Examenvragen farmaco 2013-2014
N.Poessaert
Deel 4, hoofdstuk 2 captopril bij zwangere vrouw met zwangerschapsdiabetes en hypertensie FOUT captopril is een ACE-inhibitor en is tegenaangewezen bij ZS owv hypotensie, oligohydramnios, contracturen, groeiretardatie, botafwijkingen, nierfalen en anurie van foetus, mors in utero) Deel 4, hoofdstuk 5 Ezetimibe mag je nooit alleen geven/is een monotherapie en een add-on bij statines JUIST Ezetimibe wordt bij statines toegevoegd als deze onvoldoende effect hebben. als je ezetimibe alleen geeft, gaat je cholesterol reflector stijgen (door minder opname gaat je leversynthese van cholesterol stijgen) Statines kunnen gebruikt worden als primaire preventie FOUT Primaire preventie (-> pt met verhoogd LDL-cholesterol, maar geen coronair lijden) bestaat in eerste instantie uit TLC (Therapeutic Lifestyle Change) = dieet, verminderde inname snel resorbeerbare TG, geen alcohol, fysieke activiteit en geichtsafname. Enkel bij hoog-risico patienten (TG>200mg/dl) wordt er gestart met farmacotherapie Deel 5, hoofdstuk 1
Bij voorkeur twee NSAID's combineren om anti-inflammatoire effecten te verhogen FOUT hierdoor wordt het klinisch effect niet beter, maar je verhoogt wel de kans op bijwerkingen.

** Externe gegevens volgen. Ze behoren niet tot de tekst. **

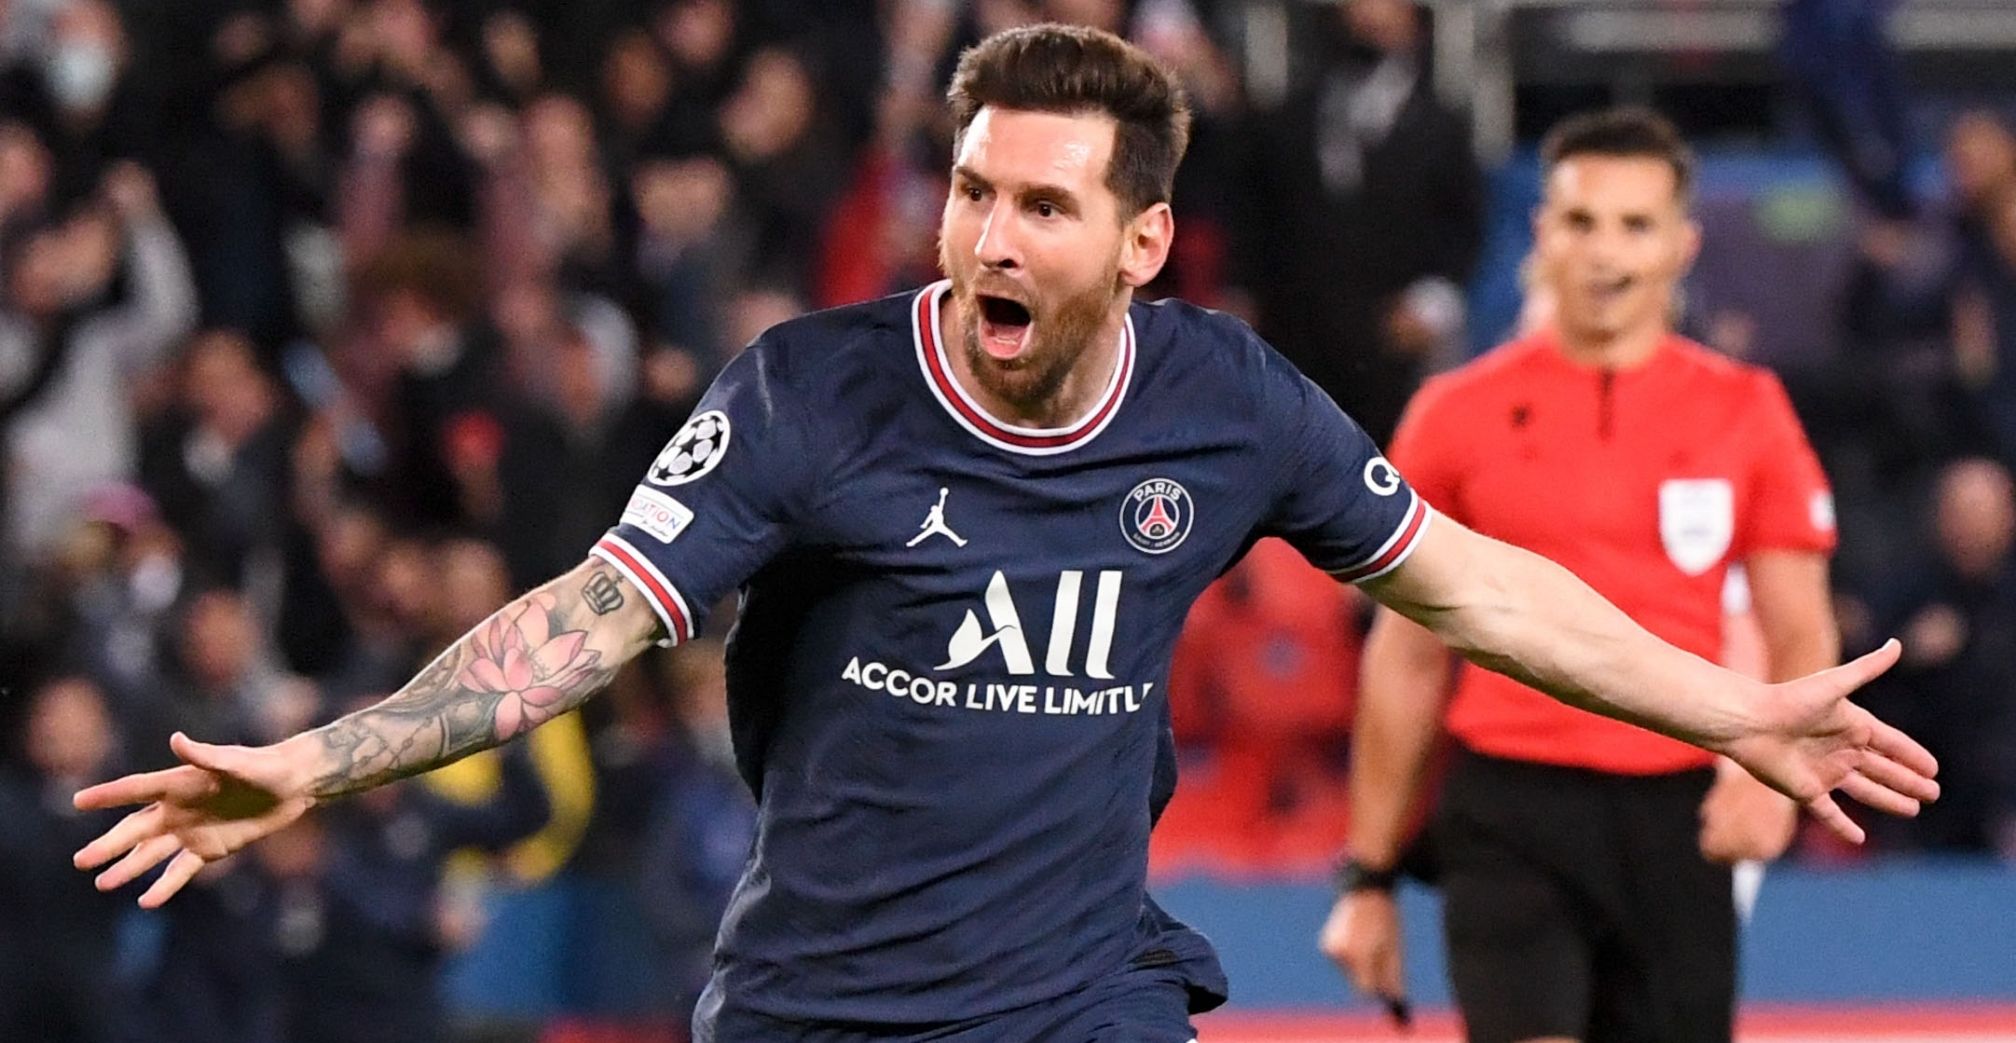 Messi pasuron ligën franceze
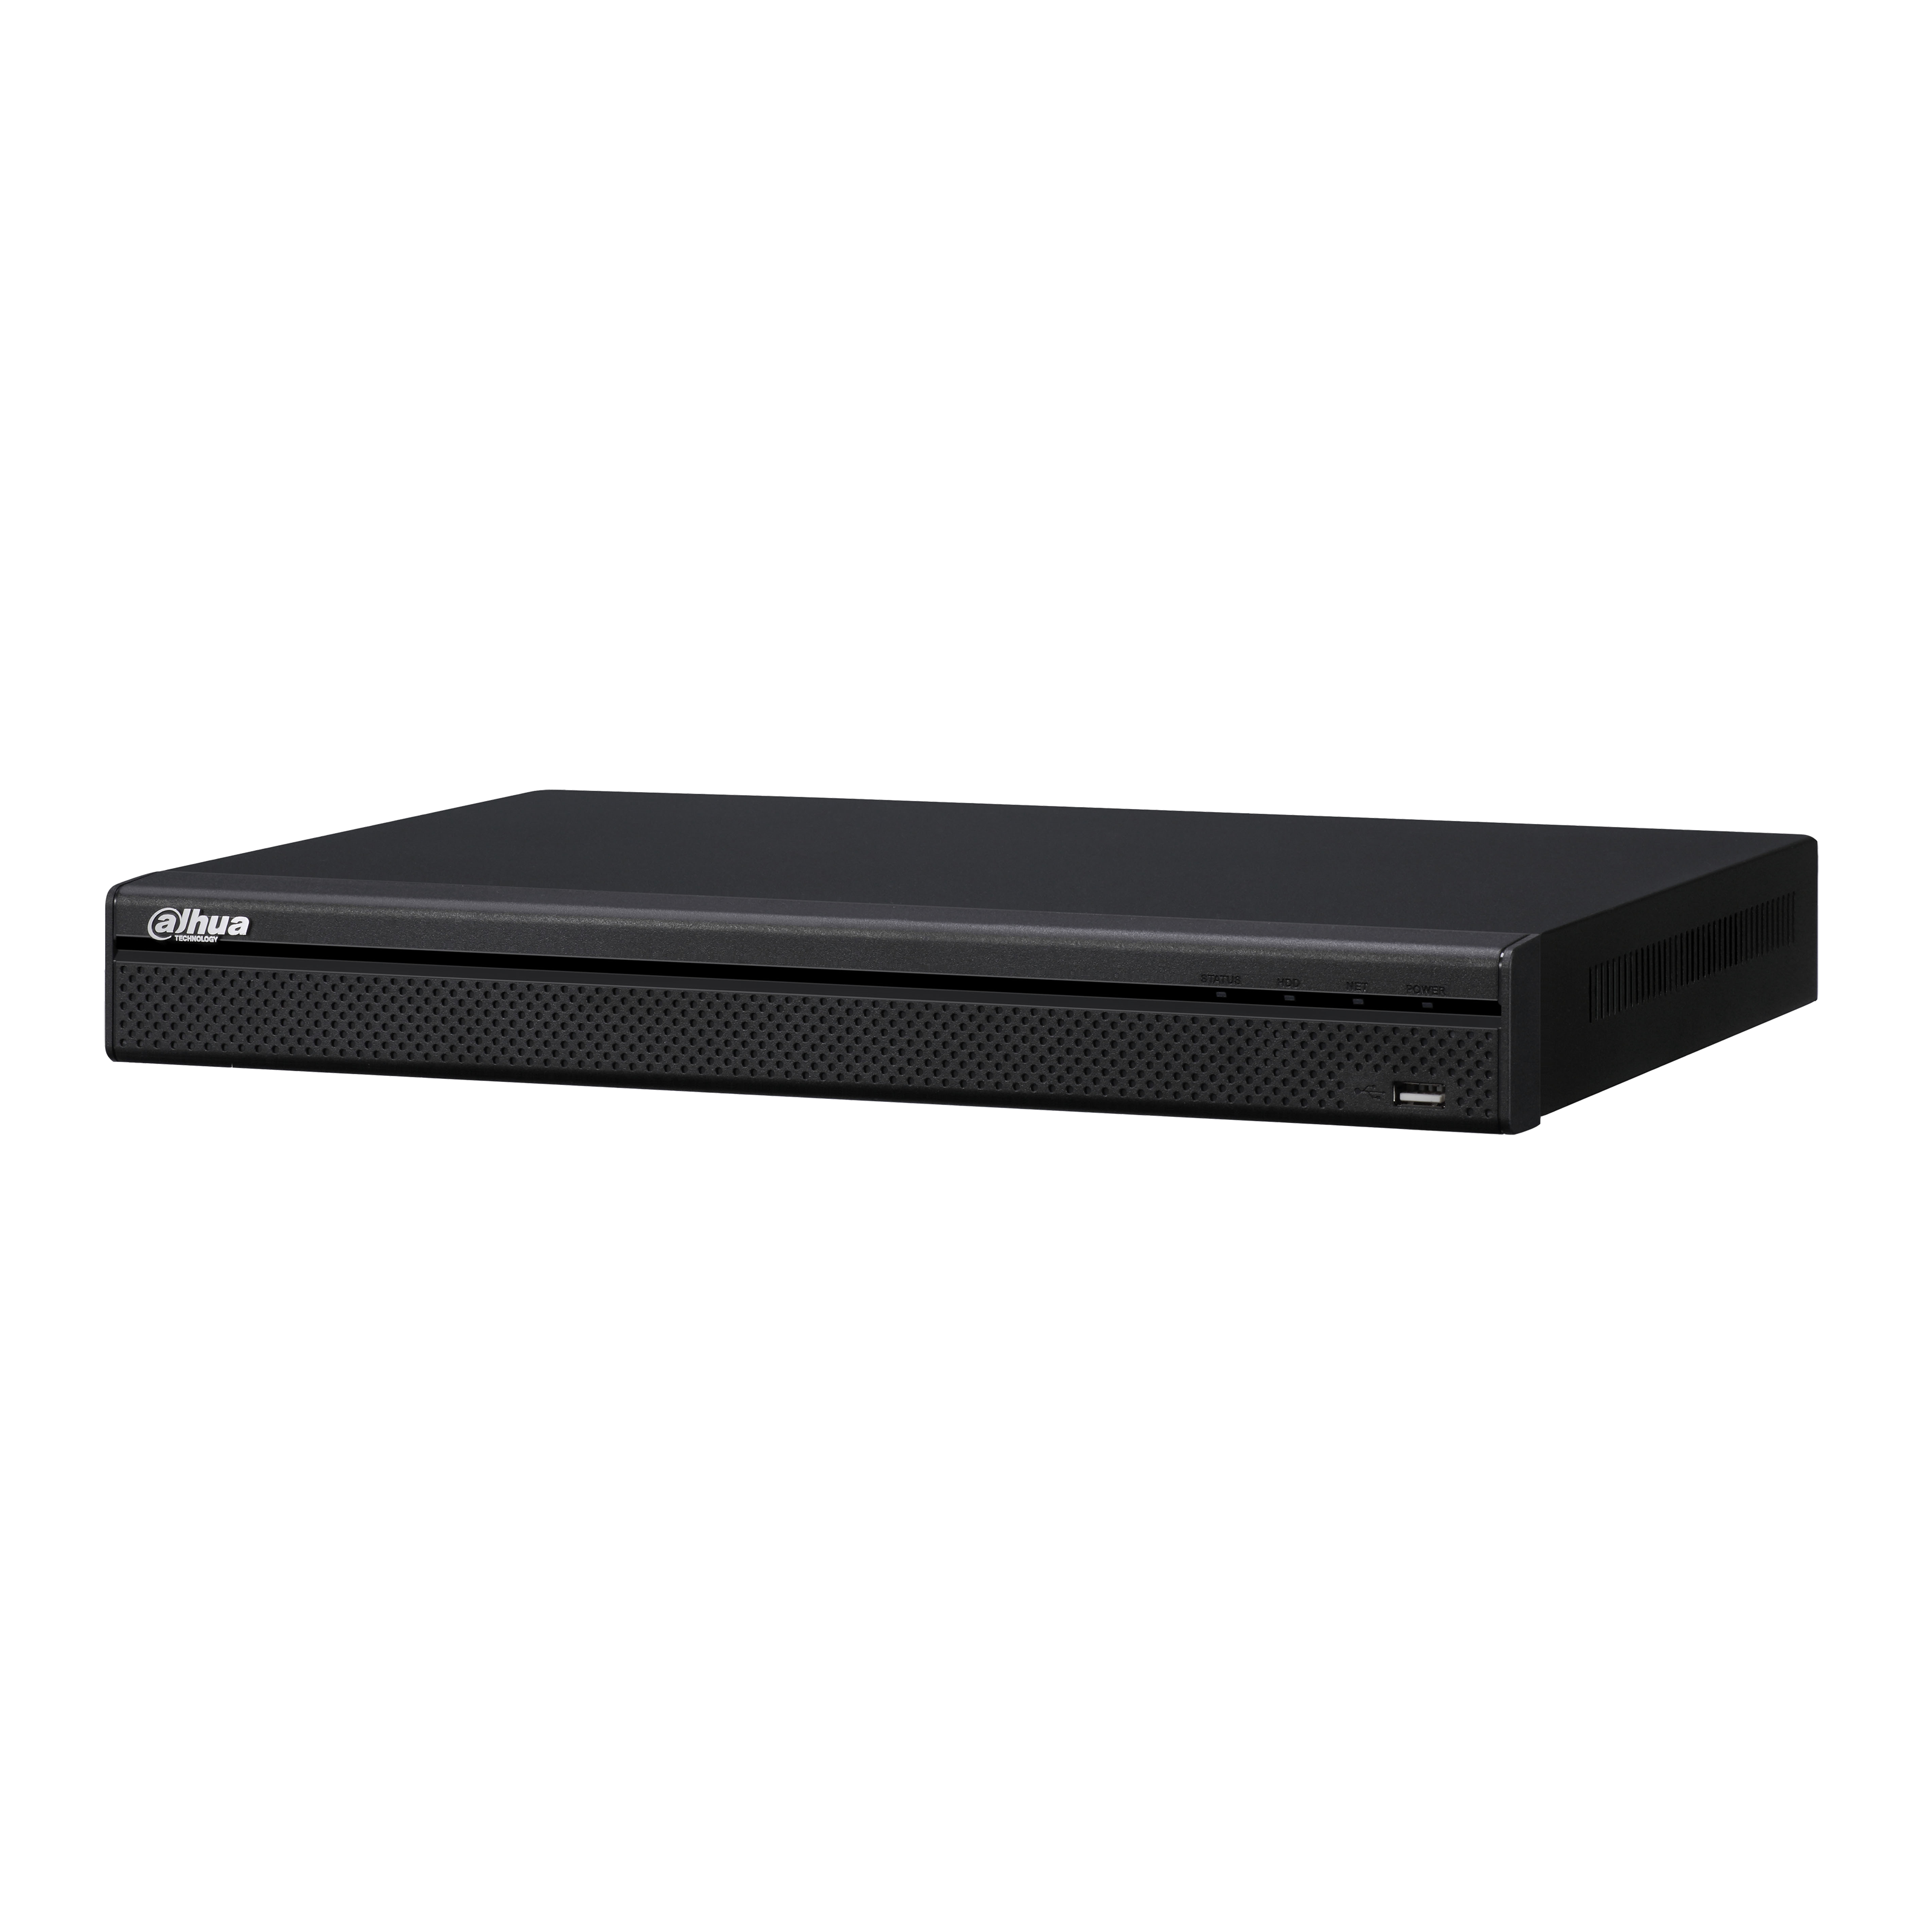 DAHUA NVR2204-P-4KS2 4 Channel 1U 2HDDs 4PoE Lite 4K H.265 Network Video Recorder

Enkel paracetamol kan je wel combineren owv zijn beperkte anti-inflammatoire activiteit vb paracetamol als analgeticum en indomethacine als anti-inflammatoir. NSAIDS leiden tot versnelde inzet van de arbeid en vroegtijdig sluiten van de ductus van Botalli bij gebruik tijdens zwangerschap FOUT tijdens het derde trimester zijn NSAID’s gecontraindiceerd owv VERTRAAGDE inzet en verloop van de arbeid, invloed op bloedingstijd bij moeder en kind en sluiten van d. Botalli bij neonatus. NSAID wordt gebruikt bij sluiten van ductus arteriosus en premature contracties JUIST NSAIDs zorgen voor minder aanmaak van prostaglandines en dus sluiting van de ductus van botali. Prostaglandines zorgen voor uteruscontractie (denk maar aan misoprostol: PGE1 analoog voor behandeling van ulcers en GERD). Het remmen van de prostaglandinesynthese zal dus premature contracties verminderen. Salicylaten zijn eerste keuze bij klein kind met viraal koortssyndroom FOUT bij kinderen met viraal koorts syndroom zou toediening van ASA leiden tot syndroom van Reye (encefalopathie/verwardheid, leverfunctiestoornissen, metabole afwijkingen) Dit is maar een hypothese, maar toch is paracetamol een veiliger alternatief Hydrocortison is 1ste keus als anti inflammatoir middel neen, behandeling met glucocorticoïden is énkel verantwoord als het lijdt tot onherstelbare letsels. Behandeling is niet curatief en er zijn ook heel veen neveneffecten. addisoncrisis pas na 6 maanden bij 64 mg methylprednisone FOUT bijnierschorsatrofie ontstaat al na meerdere weken van behandeling. (als er dan een toestand van acute bijnierschorsinsufficiëntie (vb Addison crisis) optreedt, kan deze levensbedreigend zijn!) Het herstel van deze atrofie gaat wel zeer traag (meerdere maanden). Daarom NOOIT PLOTS STOPPEN ! Kan ook optreden na gebruik van andere corticosteroïden of bij de ziekte van Addison Glucocorticoiden werken direct anti inflammatoir FOUT ze werken via binding aan de cytoplasmatische glucocorticoïdR en wijzigt zo de transcriptie van eiwitten. Het werkt dus langzaam en indirect.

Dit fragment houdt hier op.